# When are you ready to take the exam?



## Mzcr (Jun 2, 2009)

I'm scheduled to take the NREMT-B exam and not sure what to expect or if I am prepared enough.

I've reread the chapters in the Brady book, taken the Pearson/Prentice Hall tests on line after each chapter, and the do the tests for each module in the separate Brady review book. I'm averaging low 90s on the tests but feel like I'm at the point where I'm not learning anymore..the questions I miss are either lack of reading the question correctly on my part, or ones that are a bit confusing. 

I don't want to waste my time or money taking the test if I'm likely to fail. But I don't know what kind of competency I should have on practice tests before I take the real thing. 

Help? 

Thanks.


----------



## DrankTheKoolaid (Jun 2, 2009)

*re*

Based on your statements i would say your as ready as your ever going to be.  The NREMT is nothing close to a straight forward test, so the sooner you take it the better


----------



## Mzcr (Jun 2, 2009)

I just took a different practice exam and got an 83%..I'm going backwards. I'm afraid I'm memorizing the answers on the quiz and don't have a good enough handle on concepts.
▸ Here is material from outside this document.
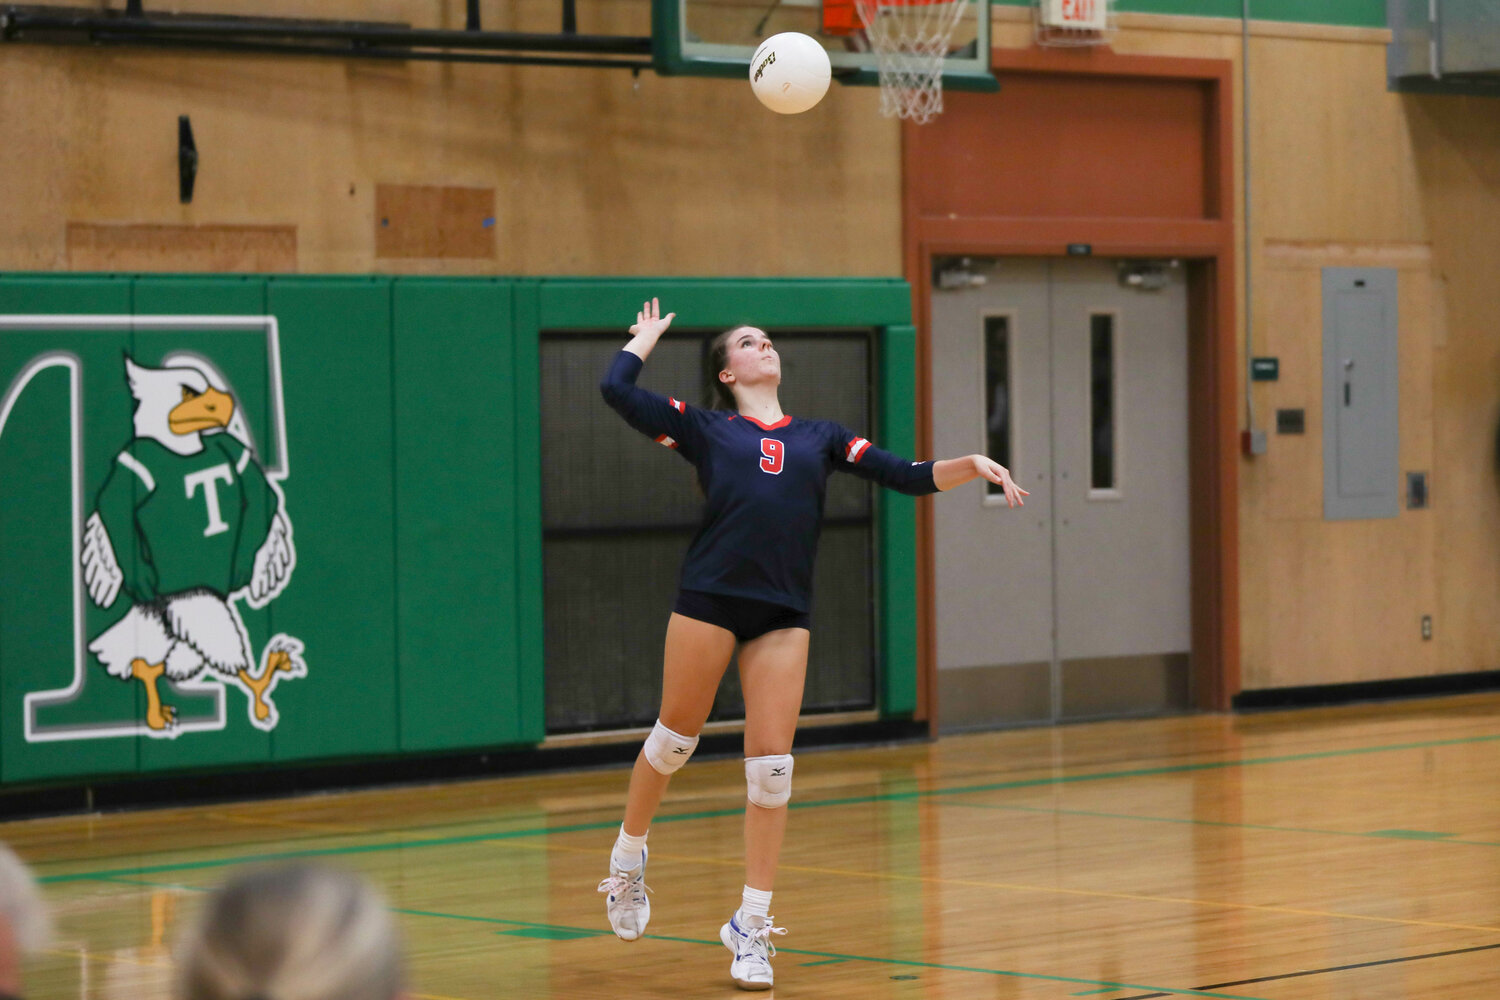 Lilly Kincaid serves during Black Hills' 3-2 win over R.A. Long in the first round of the 2A District 4 Tournament on Nov. 2 in Tumwater.

But the problems seem to be in only a few areas, so I'll cover those again.


----------



## daughertyemta (Jun 2, 2009)

I don't think you ever really know for sure your ready to take it.  Im getting ready to take the paramedic exam and I am getting to the point where I just don't know what to study anymore.  If you have passed your class and study all you can thats all you can do.  Good luck and keep us posted.  make sure you don't study the day of the test and just think of it as just a test.  Not an important test...just a test.  Because you never know what questions you are going to get. Its hit and miss.  Like I said good luck and let us know


----------



## jfz6 (Jun 3, 2009)

Good idea- just a test...just a test....just a test...


----------



## Mzcr (Jun 4, 2009)

Took it. Stopped at about 69 questions. It didn't go very well.


----------



## Shishkabob (Jun 4, 2009)

Generally, with it stopping that low, you either aced it, or you got pretty close to every single question wrong.


----------



## Mzcr (Jun 4, 2009)

Yeah, I don't think so. 

The only question I even remember was about the Glasgow Coma Scale and I'm not even sure which answer I put..there were two of them close together and I guessed. 

And one on Preclampia/Eclampsia that I'm sure I got wrong.


----------



## Mzcr (Jun 5, 2009)

Guess I was ready.


----------